So why doesn’t glue harden in the bottle?

The answer lies in a couple of basic terms. Set time (also called dry time) is the amount of time that needs to elapse before you can handle a glue-up assembly. Cure time, on the other hand, defines how long you need to wait before subjecting the new joint to pressure or stress. By the way, open time — that wonderful window of opportunity when you can still move parts before the glue begins to stiffen — is not the same thing as set time. Glue can become sufficiently tacky to prevent adjustments long before the set time expires.

On most woodworking glue bottles, the instructions will indicate that the assembly needs to be clamped for at least a couple of hours, but that one should wait overnight before machining the parts or subjecting them to stress — such as being moved from machine to machine or perhaps passing through the rollers of a thickness planer.

That first stage where the parts are still clamped (set time) allows the carrier to evaporate and the glue to dry. A carrier is a chemical compound that allows the glue to take the form of a liquid at room temperature. The most common is dihydrogen monoxide, which is just ordinary, everyday water. As the carrier evaporates into the air (dries), a molecular level process takes place that reduces the liquid glue to a solid state. Even though it becomes stable, with many glue types it is not yet strong. A further chemical reaction needs to take place that causes the now solid compound to harden and gain strength. That reaction (curing) takes more time because the elements in the glue are not as volatile as water.

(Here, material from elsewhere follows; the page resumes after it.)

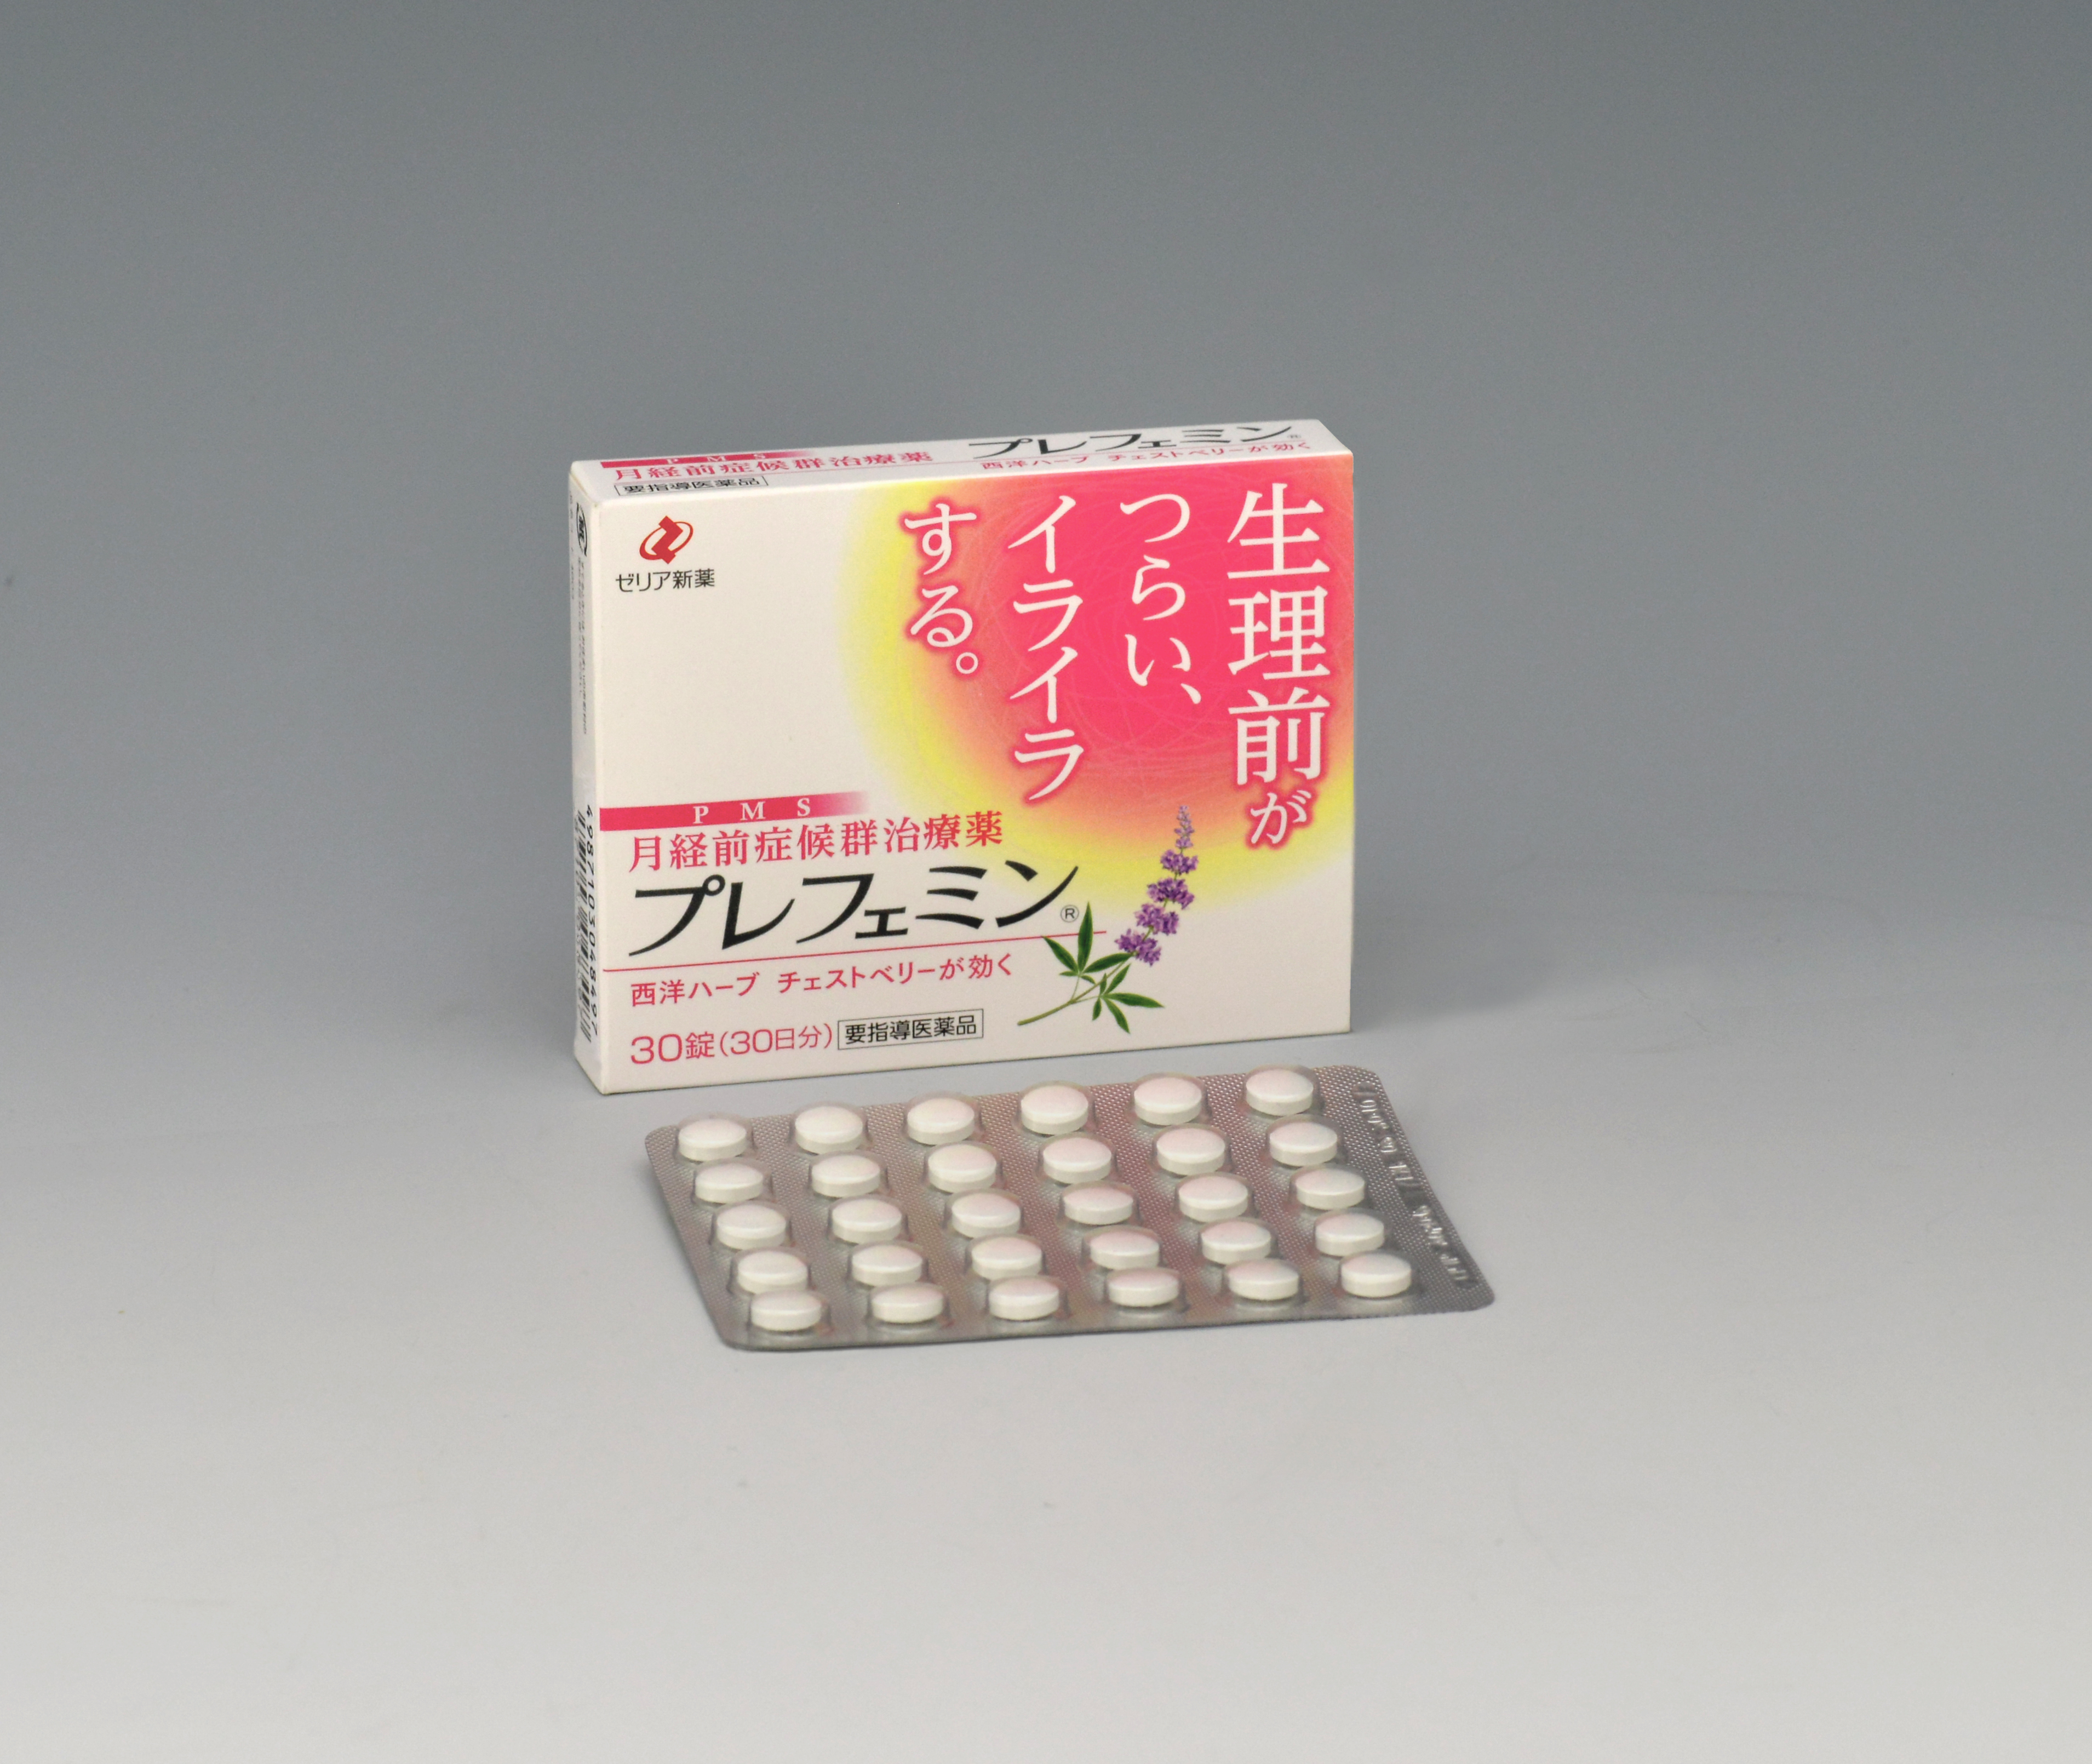 女性の多くが悩む月経前症候群 Pms 日本で唯一の治療薬 プレフェミン 15年5月25日 月 より全国で本格展開 Tvcm放映開始 ゼリア新薬工業株式会社のプレスリリース

So the simple answer is that glue doesn’t harden in the bottle because the carrier can’t escape and evaporate. In a way, one could say that glue hardens when it reacts with air. But that’s not really what’s happening. More accurately, glue transforms from a liquid to a solid state when the carrier evaporates into the air.

Some “instant” glue is built around more volatile (highly evaporative) carriers than water and these disappear more quickly and produce a stable bond in very little time. These glues are sometimes less effective, long-lasting or forgiving than standard wood glues, so there can be a tradeoff. It might be convenient to have the glue cure very quickly, but the bond might not have quite the same integrity as a slow-curing compound.

Other glues, such as hot-melt adhesives, forego the evaporative stage. They don’t depend on a carrier. They are already in a solid state (pellets or cartridges) at room temperature and actually require a physical catalyst (heat) to change their state temporarily. That is, they need to go from a solid to a liquid so they can be used and then almost immediately return to a solid state so they bond without clamping.

That quick metamorphosis isn’t the only reason that shops use heat-based glue. The most common adhesive in processes such as edgebanding is ethylene-vinyl acetate (EVA), which is also known as polyethylene-vinyl acetate (PEVA). While it’s essentially a plastic, EVA is also soft, flexible, waterproof, resistant to ultraviolet radiation (so it doesn’t delaminate on furniture in basic sunlight) and it also doesn’t have too many stress cracks in its dry/cured state. The vinyl part of EVA is essentially the same compound used to make things like car seats and dashboards, while the ethylene is a highly bondable hydrocarbon (it has four hydrogen atoms bound to two carbon atoms). EVA has strong adhesive and respectable cohesive qualities, which makes it a great choice for applying banding to the relatively rough surface of MDF.